▶ _WORK TASK_:
Without including the pictures, copy out every line below.

▶ _DATA SHOWN_:

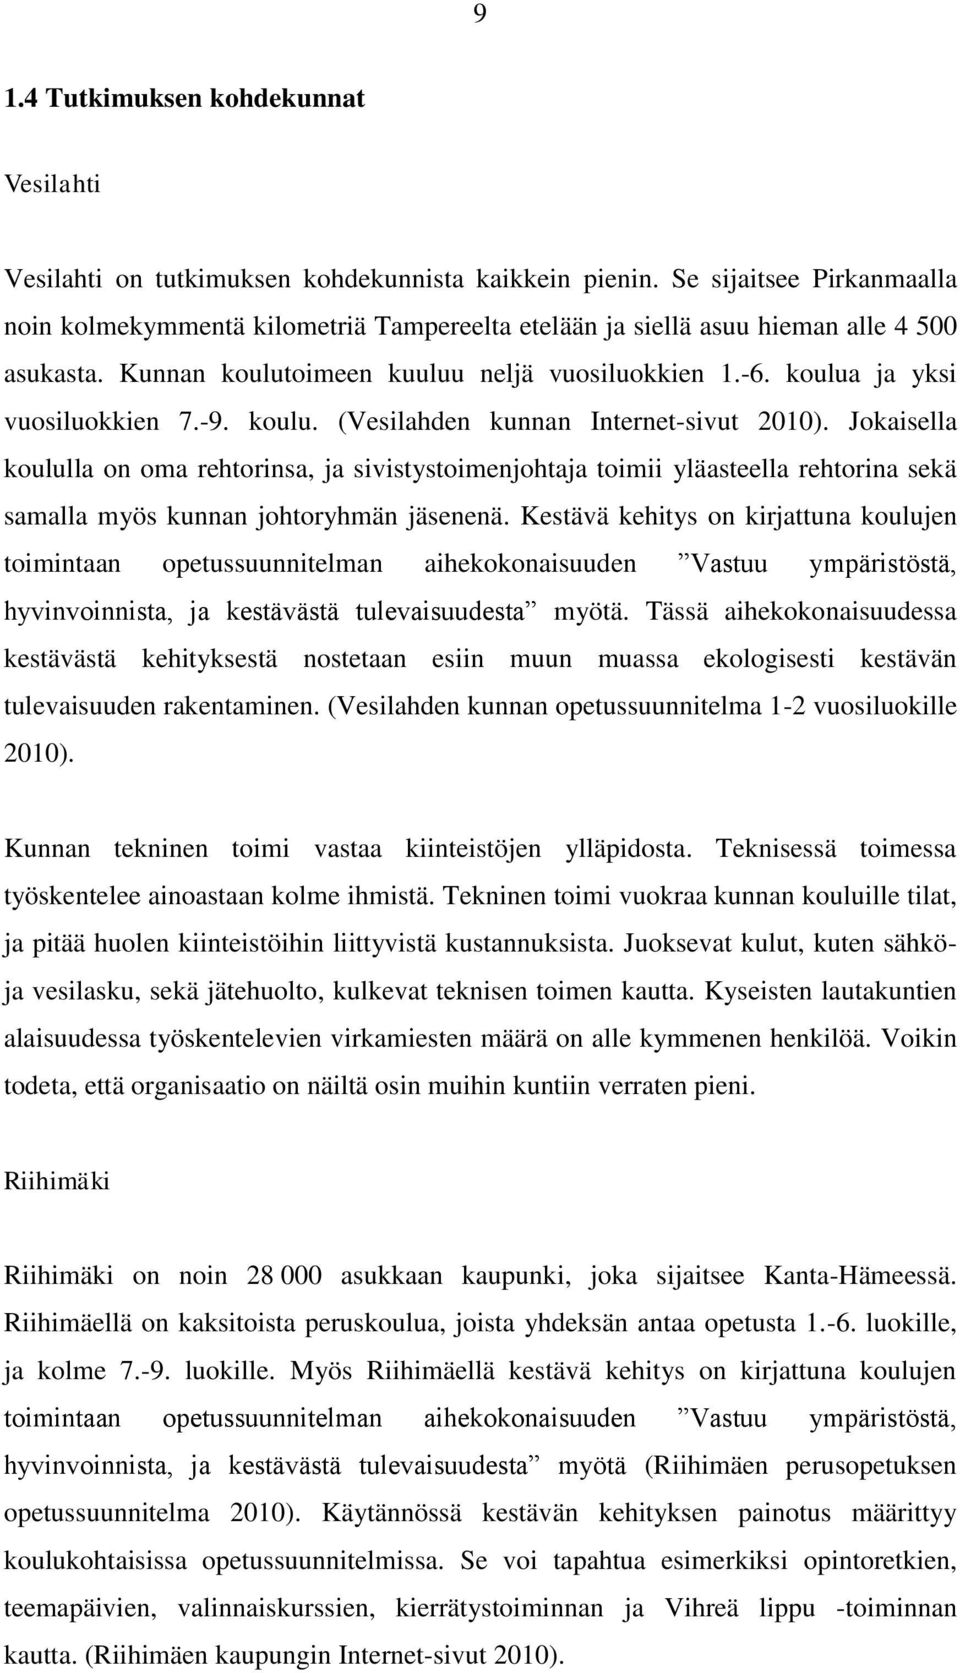 koulua ja yksi vuosiluokkien 7.-9. koulu. (Vesilahden kunnan Internet-sivut 2010).
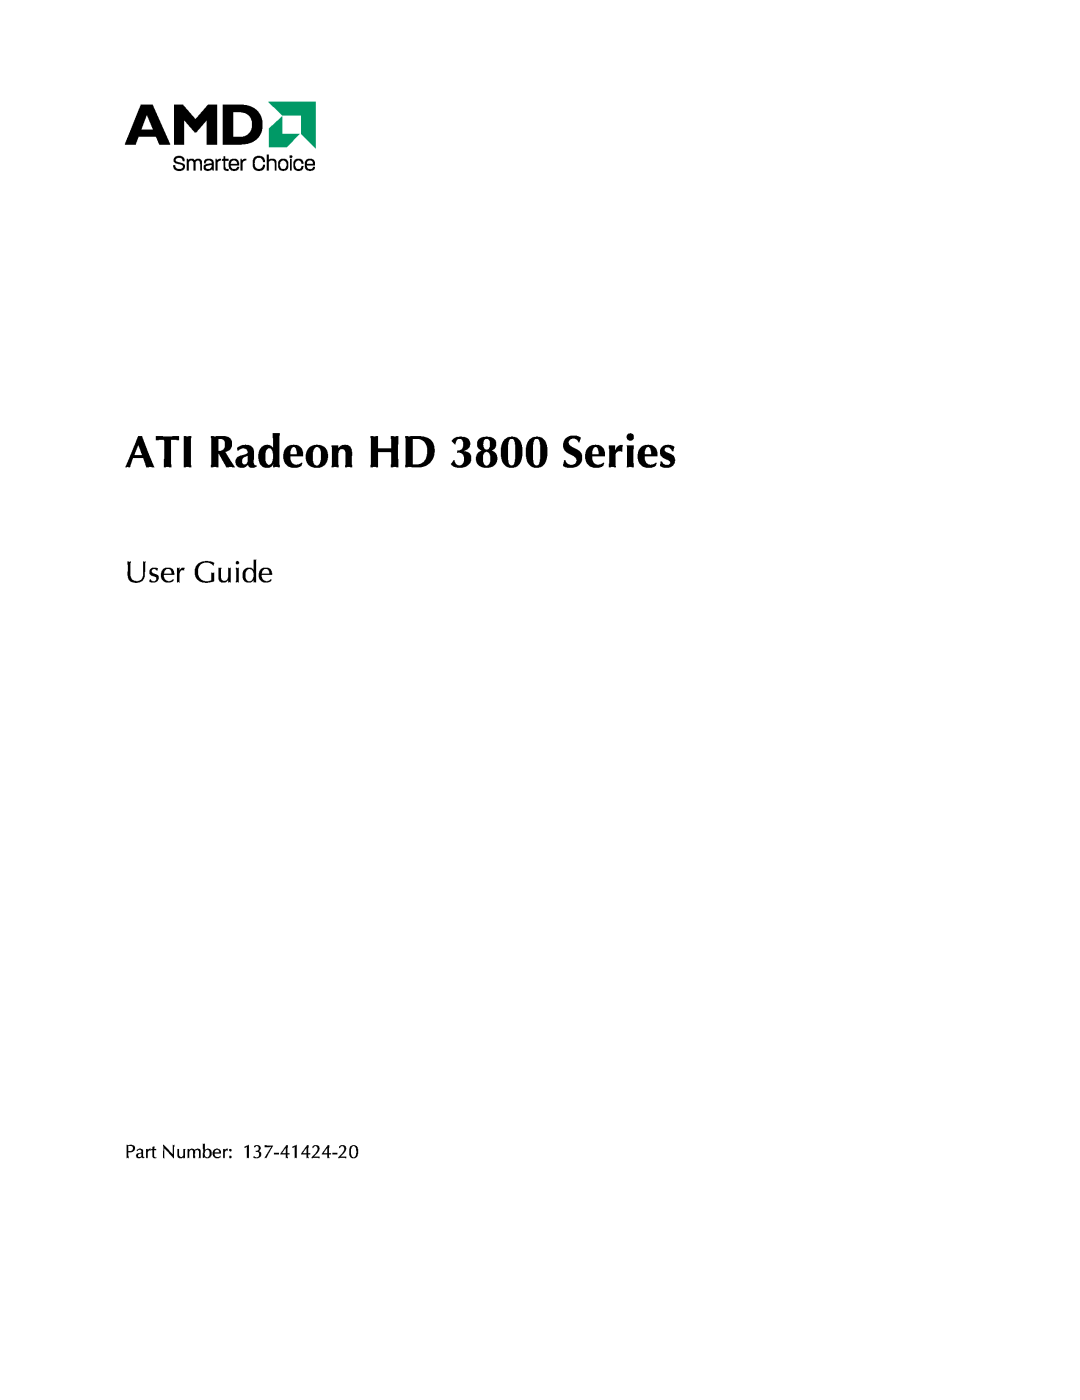 AMD manual ATI Radeon HD 3800 Series, User Guide 
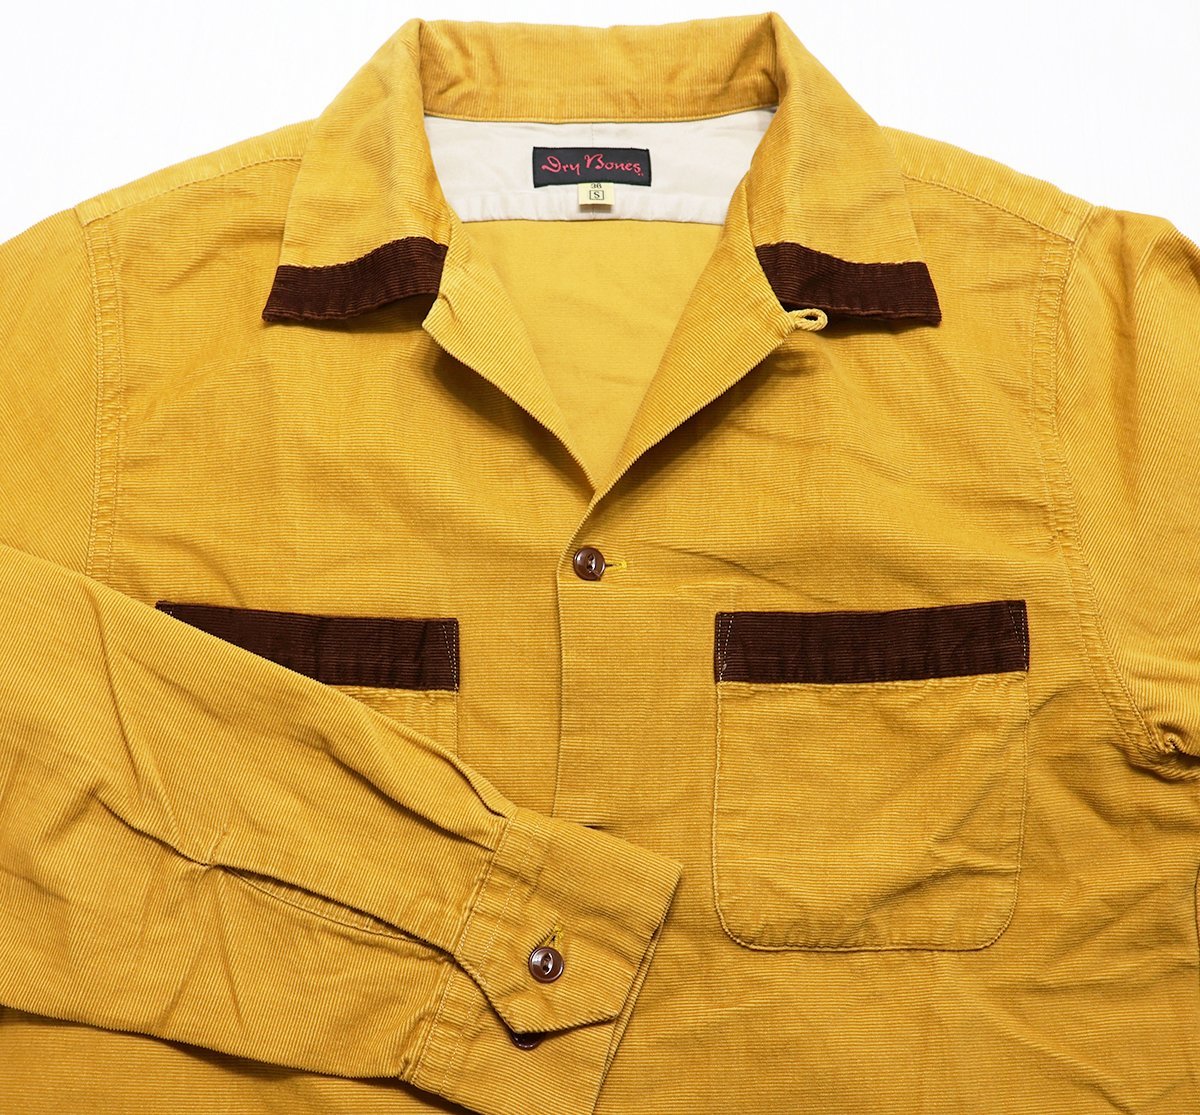 DryBones (ドライボーンズ) Corduroy Shirt / コーデュロイシャツ マスタード size 36(S)_画像3
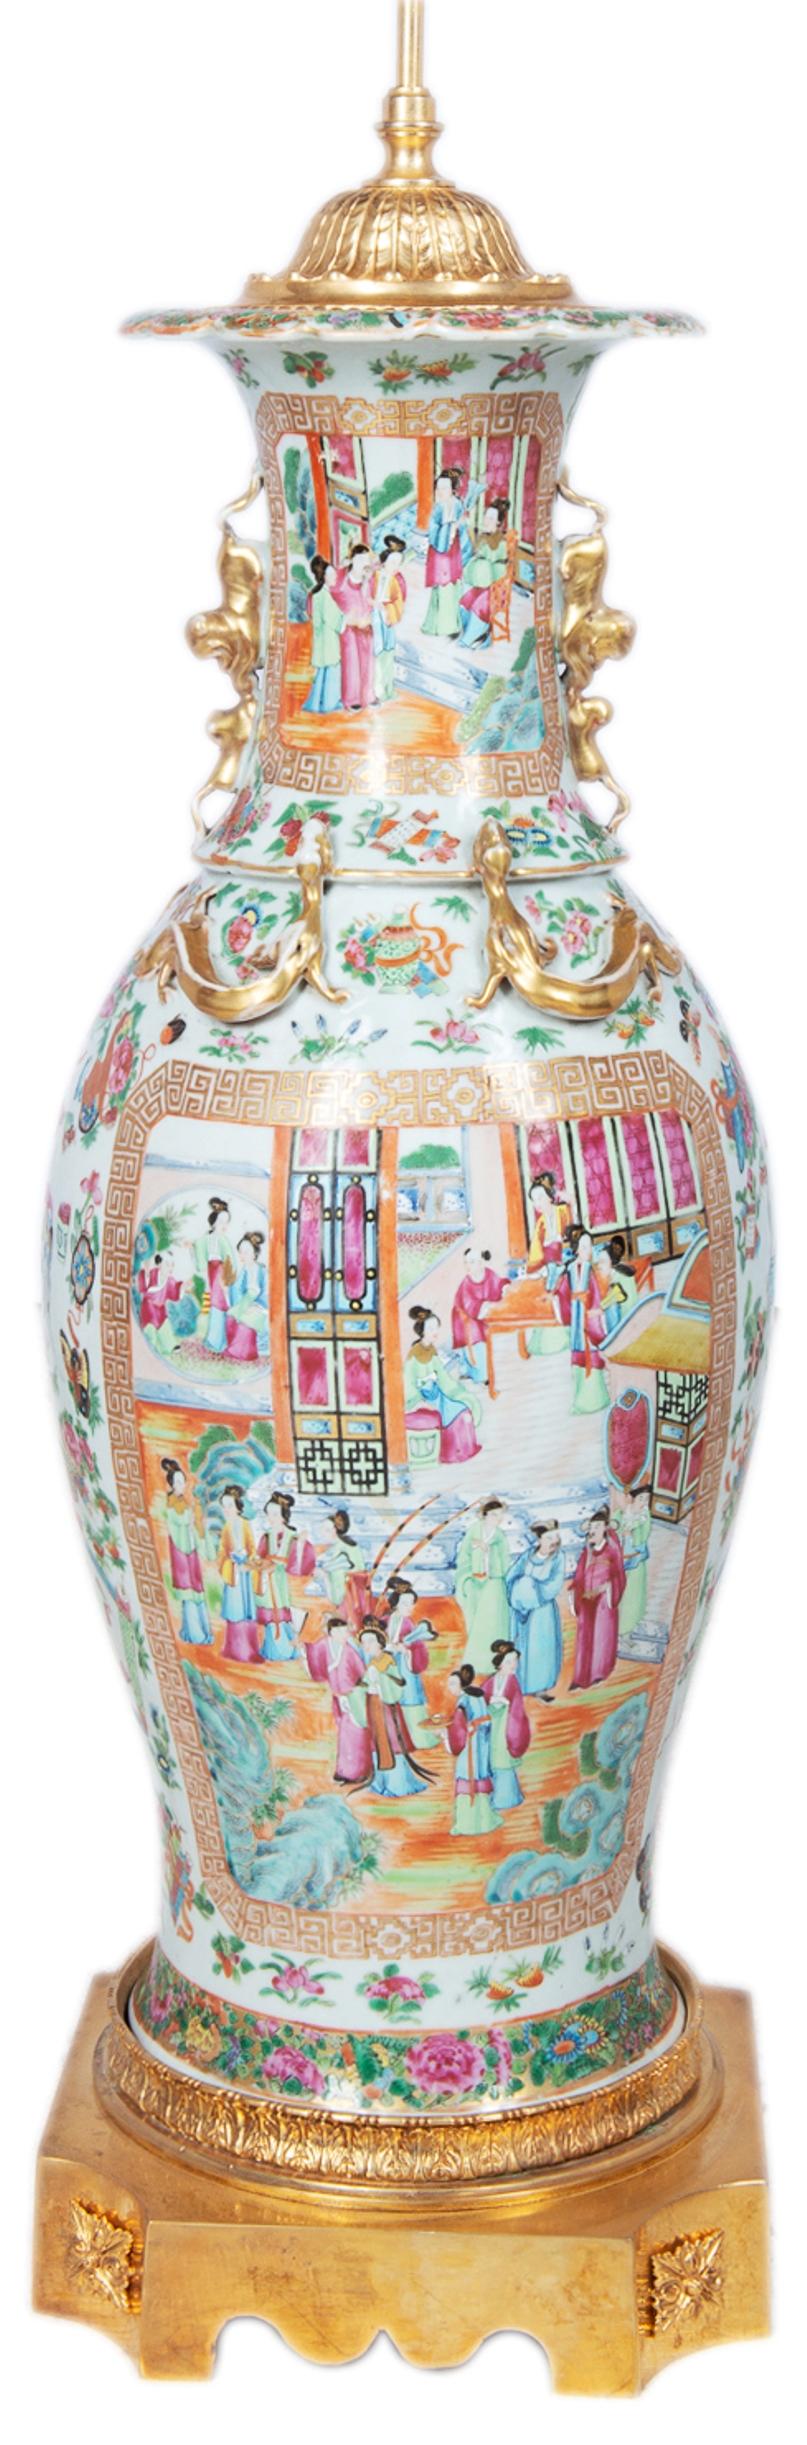 Eine gute Qualität späten 19. Jahrhundert Chinesisch Kantonesisch / Rose Medaillon Vase / Lampe. Mit vergoldetem Hund mit falschen Griffen und Schlangen, klassischer grüner Grunddekoration mit eingefügten gemalten Tafeln, die orientalische Innen-

▶ _PROBLEM SOLUTION_:
 koulua ja yksi vuosiluokkien 7.-9. koulu. (Vesilahden kunnan Internet-sivut 2010).
 AMD manual ATI Radeon HD 3800 Series, User Guide 
 DryBones (ドライボーンズ) Corduroy Shirt / コーデュロイシャツ マスタード size 36(S)_画像3
 Eine gute Qualität späten 19. Jahrhundert Chinesisch Kantonesisch / Rose Medaillon Vase / Lampe. Mit vergoldetem Hund mit falschen Griffen und Schlangen, klassischer grüner Grunddekoration mit eingefügten gemalten Tafeln, die orientalische Innen-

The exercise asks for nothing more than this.